Thread: [COMMITTERS] pgsql: Fix cardinality estimates for parallel joins.

[COMMITTERS] pgsql: Fix cardinality estimates for parallel joins.

From
Robert Haas
Date:
Fix cardinality estimates for parallel joins.

For a partial path, the cardinality estimate needs to reflect the
number of rows we think each worker will see, rather than the total
number of rows; otherwise, costing will go wrong.  The previous coding
got this completely wrong for parallel joins.

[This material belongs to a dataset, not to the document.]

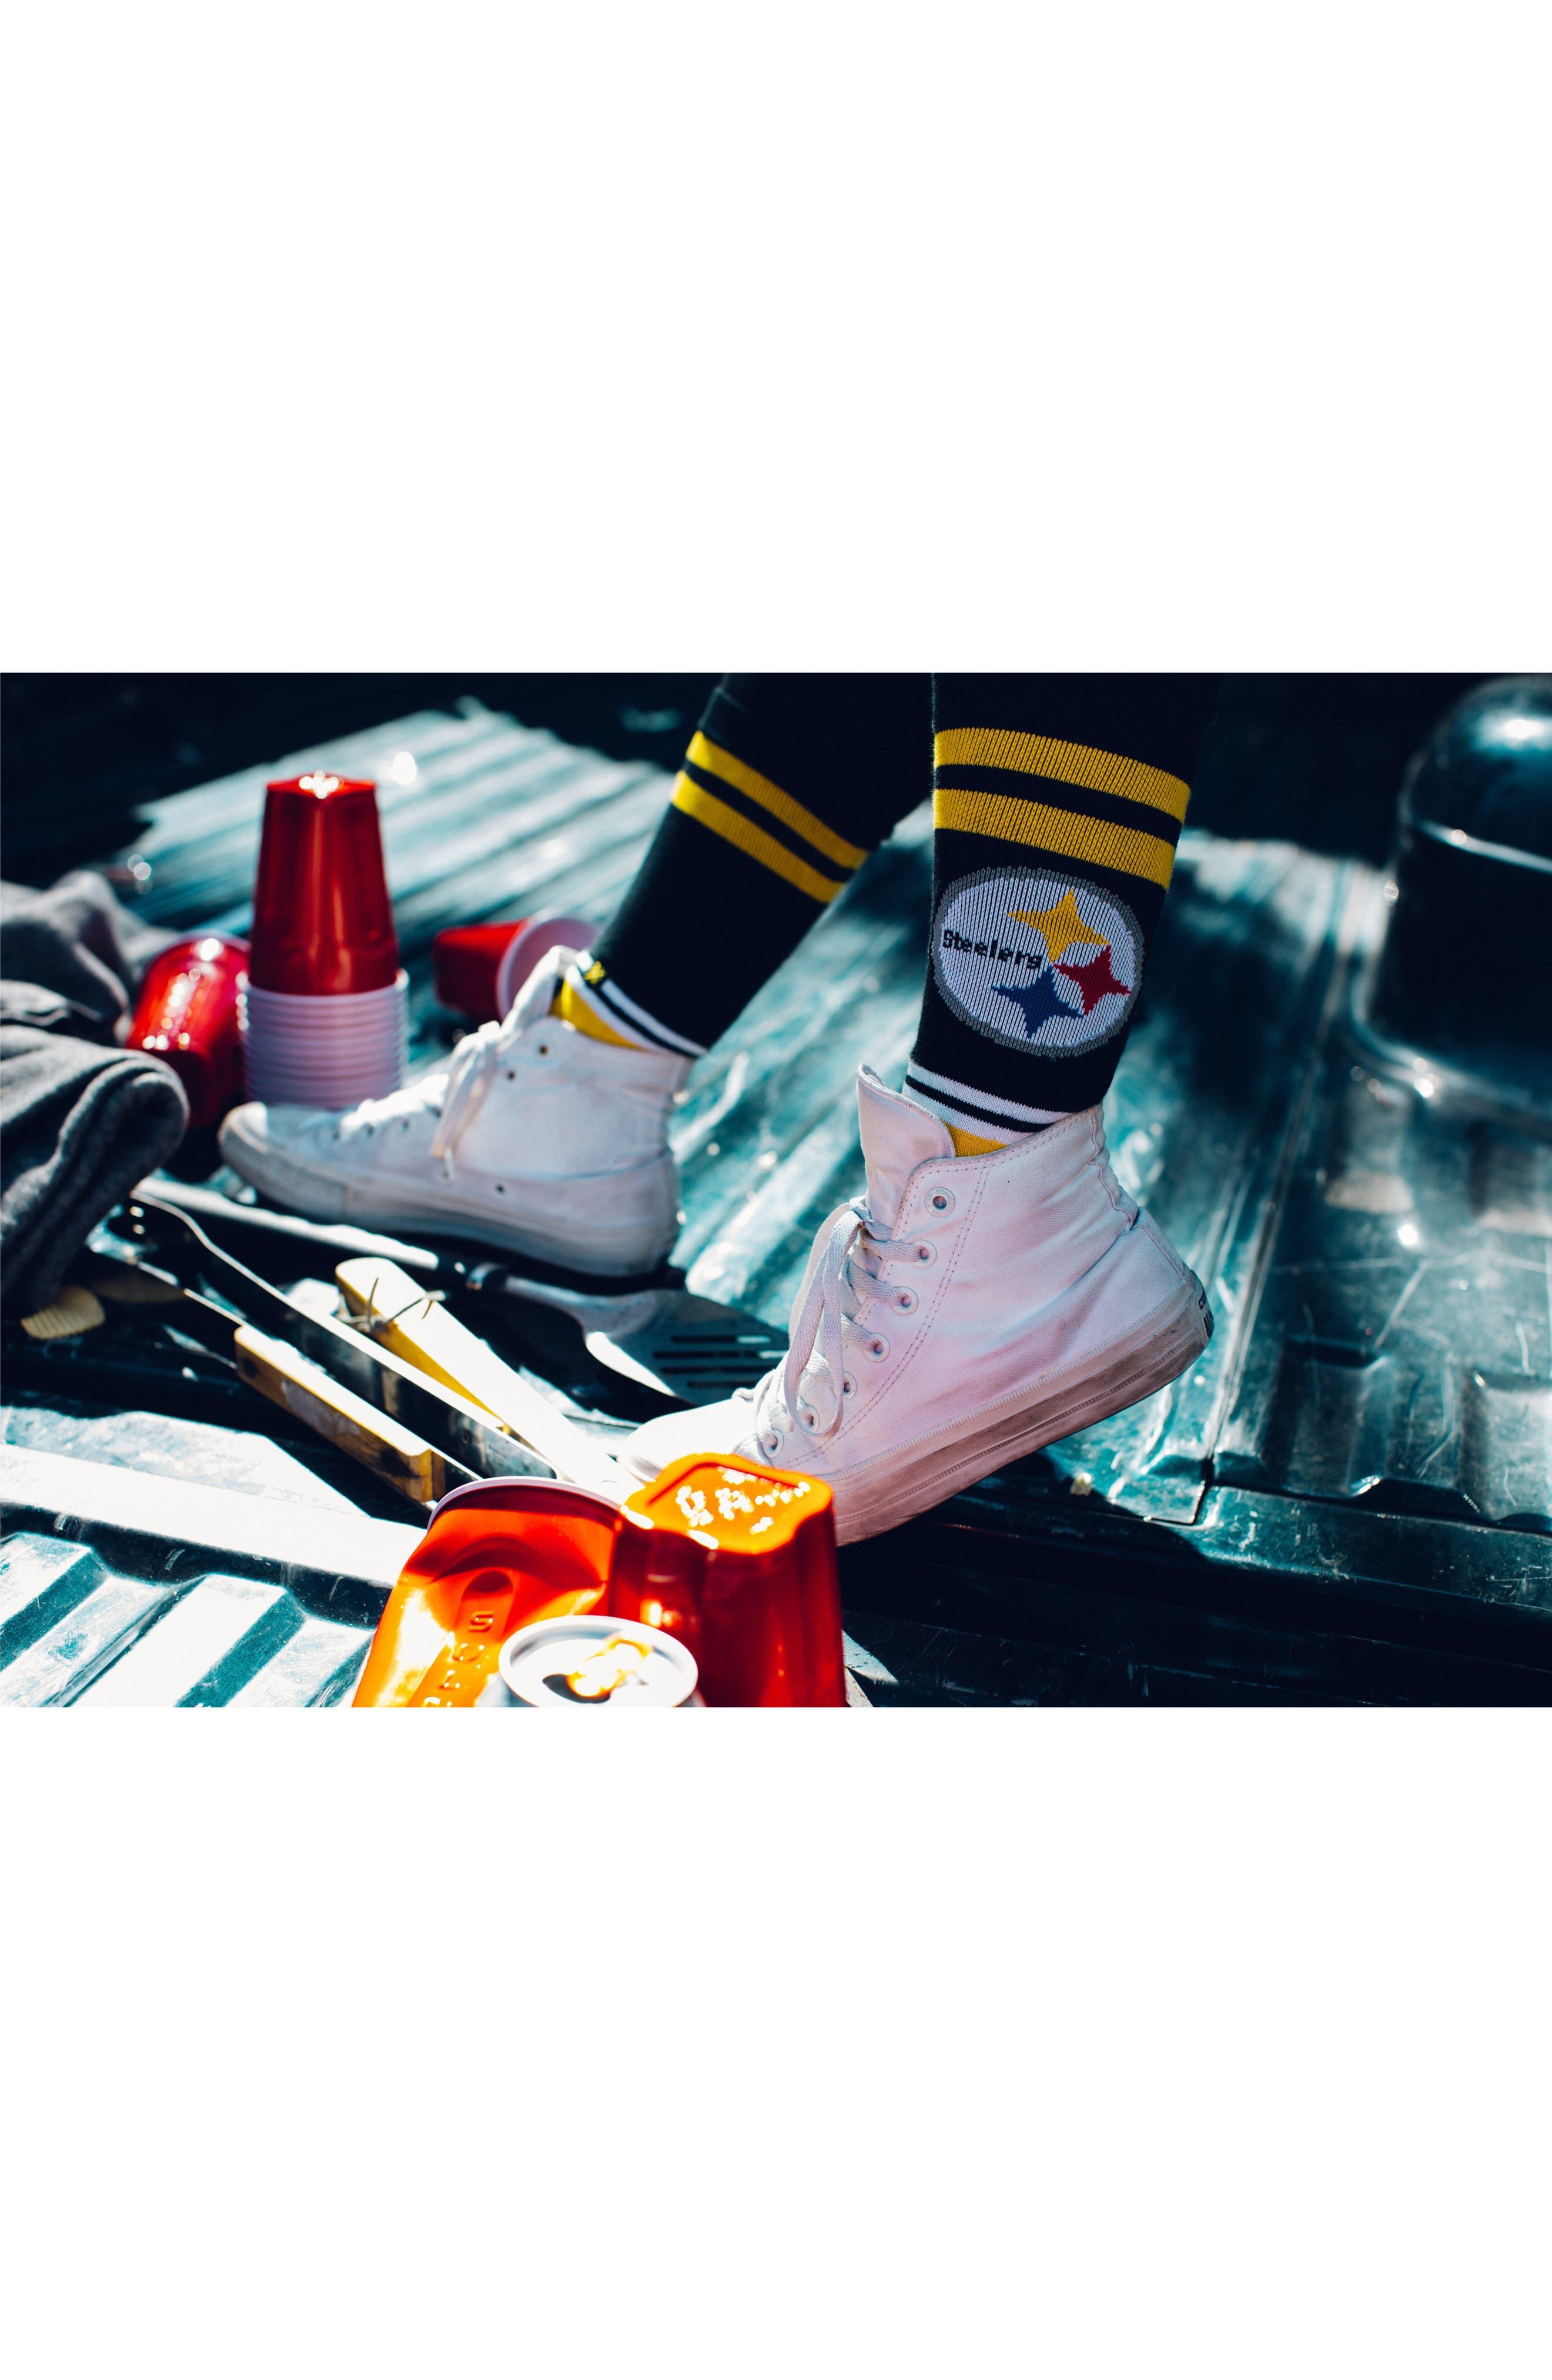 Pittsburgh Steelers - Fade Socks,                             Alternate thumbnail 6, color,                             700

Unfortunately, this change may destabilize plans for users of 9.6 who
have enabled parallel query, but since 9.6 is still fairly new I'm
hoping expectations won't be too settled yet.  Also, this is really a
brown-paper-bag bug, so leaving it unfixed for the entire lifetime of
9.6 seems unwise.

Related reports (whose import I initially failed to recognize) by
Tomas Vondra and Tom Lane.

Discussion: http://postgr.es/m/CA+TgmoaDxZ5z5Kw_oCQoymNxNoVaTCXzPaODcOuao=CzK8dMZw@mail.gmail.com

Branch
------
REL9_6_STABLE

Details
-------
http://git.postgresql.org/pg/commitdiff/2d443ae1b0121e15265864d2b2143509fa70e8e4

Modified Files
--------------
src/backend/optimizer/path/costsize.c | 74 +++++++++++++++++++++++------------
1 file changed, 48 insertions(+), 26 deletions(-)

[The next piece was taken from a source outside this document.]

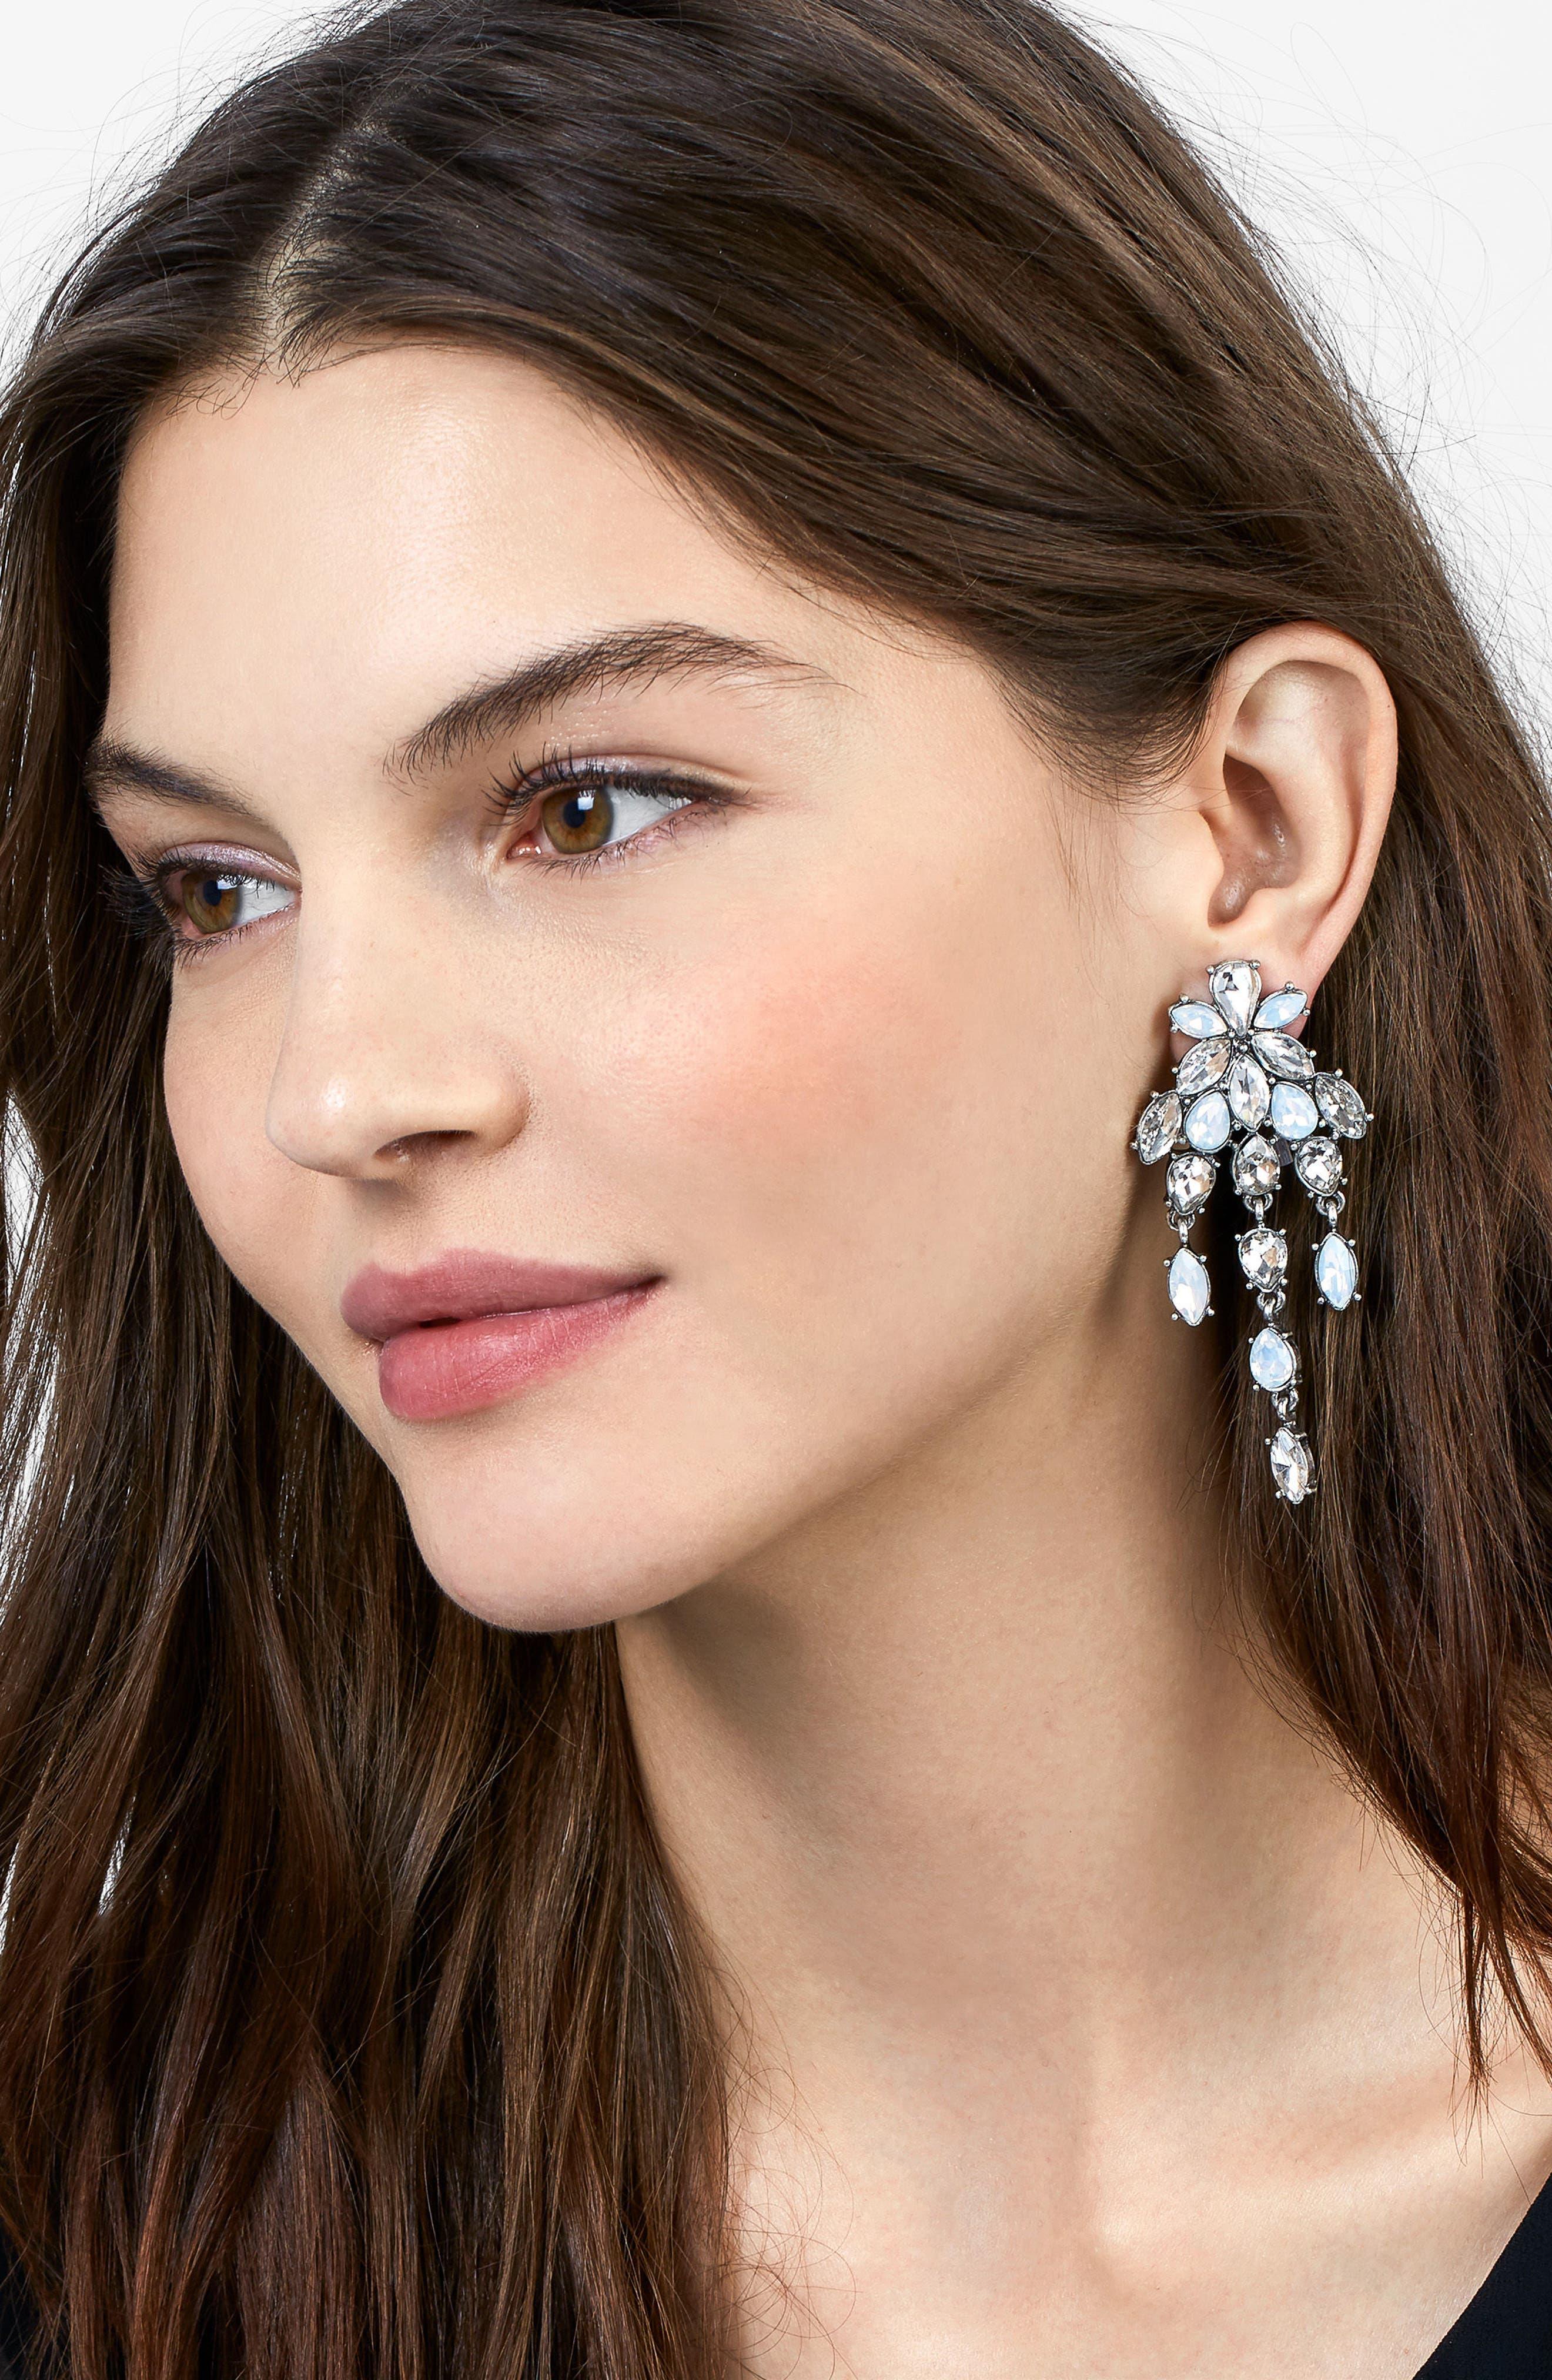 Chandelier Crystal Drop Earrings,                             Alternate thumbnail 2, color,                             040

Re: [COMMITTERS] pgsql: Fix cardinality estimates for parallel joins.

From
Amit Kapila
Date:
On Sat, Jan 14, 2017 at 12:07 AM, Robert Haas <rhaas@postgresql.org> wrote:
> Fix cardinality estimates for parallel joins.
>

+       /*
+        * In the case of a parallel plan, the row count needs to represent
+        * the number of tuples processed per worker.
+        */
+       path->rows = clamp_row_est(path->rows / parallel_divisor);
    }

    path->startup_cost = startup_cost;
@@ -2014,6 +1996,10 @@ final_cost_nestloop(PlannerInfo *root, NestPath *path,
    else
        path->path.rows = path->path.parent->rows;

+   /* For partial paths, scale row estimate. */
+   if (path->path.parallel_workers > 0)
+       path->path.rows /= get_parallel_divisor(&path->path);


Isn't it better to call clamp_row_est in join costing functions as we
are doing in cost_seqscan()?  Is there a reason to keep those
different?

--
With Regards,
Amit Kapila.
EnterpriseDB: http://www.enterprisedb.com